A2RU
A2RU

University of Utah College of Fine Art Invests in Arts in Health Innovation

ArtsRx, Centers and Institutes, Member News

Jun 20, 2025

The University of Utah’s College of Fine Arts continues to deepen its commitment to interdisciplinary research in arts in health.

The Arts and Health Innovation Lab., which was established nearly a decade ago, is designed to “generate arts in health research that transfers and transforms our society and public health,” shares CFA Associate Dean of Research Becky Zarate. The Lab brings together many scholars working in collaboration from schools and colleges across the Utah campus to produce a research to pedagogy and practice pipeline. As the website states, “Our members study how the arts support and produce well-being, and put that knowledge to work in hospitals, clinics, community centers, schools, workplaces, and senior care facilities.” For example, dance instructors use tenets of the Alexander technique to inform wheelchair use and design in collaboration with a spinal clinic for veterans, and the Center for Vocology studies how best to care for the human voice.

The Arts and Health Innovation Lab’s website provides many more examples and inspiration.

The impact on the curriculum and student experience is profound: “With our arts and health initiatives coming out of fine arts, we are going to be able to offer a whole array of clinical and educational trainings that integrate arts and health methodologies,” says Zarate. Another outcome, says Professor of Dance Luc Vanier, is that students see the relevance of their research and connect it to the community while they are still pursing their degrees.

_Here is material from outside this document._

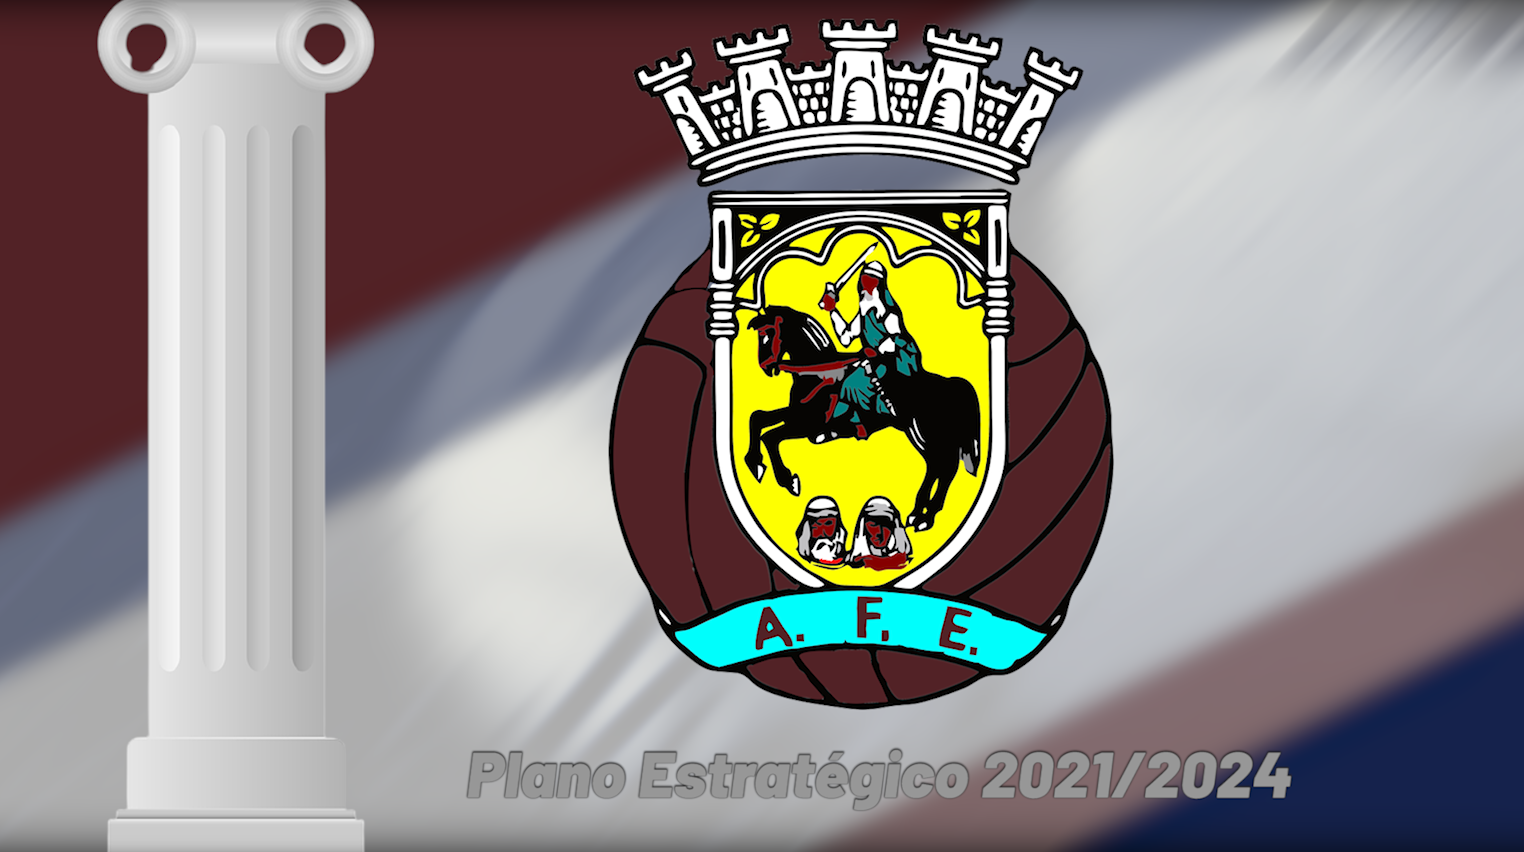 CLUBES E AFE CONSTRUÍRAM PLANO ESTRATÉGICO 2021/2024

Learn more in the introductory video below:

Last month, CFA announced a new program supporting this work: an Arts & Health Faculty Fellowship. This 3-year fellowship, supported by the Office of Research in the College of Fine Arts, the Office of the Vice President for Research, and the Arts & Health Innovation Lab, promotes ” faculty research that will strengthen community partnerships and opportunities for public health and social innovation through interdisciplinary team science,” according to the college.

The program scaffolds the skills and experiences necessary to produce innovative arts in health research: “Recipients will learn how to develop and design rigorous studies in quantitative, qualitative, mixed methods and arts-based approaches in the first year; Learn how to develop and work within interdisciplinary/cross-college and campus/community projects [and] implement a pilot project in the second year, and disseminate, and apply for extramural grant opportunities in the final year.” Fellows will also receive funds for research administrative support. The fellowship specifically provides opportunities for recipients to engage with the a2ru community through its Arts in Public Health working group, and provides funding for fellows to present their evolving research at the a2ru conference.

The inaugural recipient of the Fellowship is Sam Briggs, an assistant professor in the Department of Theatre; her proposed research project will explore how collaborative artistic creation fosters youth well-being while engaging communities in civic dialogue and collective problem-solving around youth mental health. Briggs says, “With rising concerns about adolescent mental health, creative engagement offers a promising avenue for expression, resilience-building, and community connection.”